Идти пришлось недолго. Мах обретался на первом этаже деревянного дома, обложенного кирпичом и стоявшего торцом к Ливенской. Канализации в доме не было, как и электричества (особенности местного коммунхоза интересовали Виктора даже больше предстоящей сделки), зато средство производства творческой интеллигенции блестело черным лаком у стены.

- Так что, теперь нет черты оседлости? - спросил Виктор.

- Вы давно были в Брянске? - ответил Мах вопросом на вопрос.

- В таком, который вижу - можно сказать, что никогда.

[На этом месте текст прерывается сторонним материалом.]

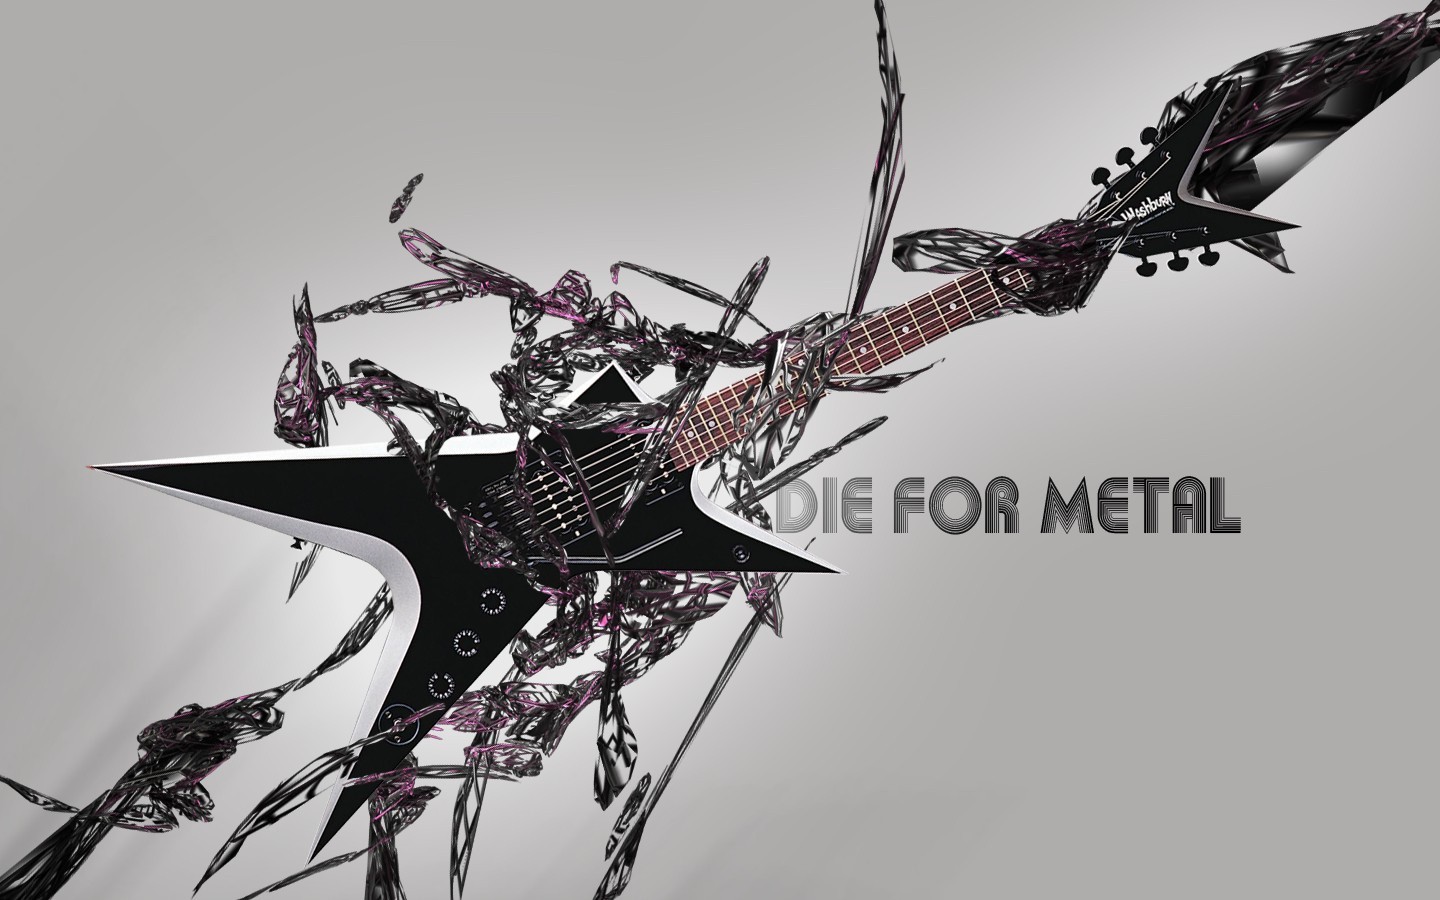 45+] Heavy Metal Music Wallpaper - WallpaperSafari

- О, вы еще многому будете удивляться. С одной стороны, когда была черта оседлости, в Черниговской губернии можно было жить, а в Орловской - нельзя. Но если нельзя, но очень хочется, то можно. Можно считать, что евреи здесь жили еще во времена литовского нашествия. Когда я родился, в Брянске было двести семей, и мы жили на Судках, Судки такое место, где никто больше не хочет селиться, там же и синагога. Если вы были в Париже, вы ведь слышали про Наума Габо? В Париже все слышали про Габо.

- Слышал, - ответил Виктор совершенно искренне. Точнее, он видел в нашей реальности афиши фестивали Рославца и Габо, но понятия не имел, кто они и чем прославились.

- Еще бы! Так ведь это наш Нехемия Певзнер, сын заводчика Абрама, и у него брат Натан, он тоже в Париже. Так вот за черту оседлости. Ее ликвидировали вместе с евреями. Спросите меня, как же я и все остальные. А вот так, мы есть, а евреев нет. Если раньше, извиняюсь, "Союз русского народа" устраивал в Стародубе погромы, но иногда, то теперь погромов нет, но черносотенцы везде, они отрезают пейсы, отбирают кипы и доносят в полицию на тех, кто ходит в синагогу и даже отмечает пурим. Я не говорю про Бунд, про Бунд вообще нельзя говорить даже наедине с собой. И что поразительно, в черную сотню идут евреи. Но об этом можно говорить без конца. Давайте закончим с фокстротом. Я не спрашиваю, можете ли вы наиграть, я уже понял, попробуйте напеть.

"А если он запишет и кинет?" - внезапно подумал Виктор. "Ладно, это не часы. Хотите фокстротов, их есть у меня."

И он напел первое, что пришло в голову, то - есть "Ландыши".

- Феноменально, - воскликнул Мах, прослушав мелодию, и тут же пробежался пальцами по клавишам: музыку от ухватывал на лету. - Феноменально. Но это же не фокстрот.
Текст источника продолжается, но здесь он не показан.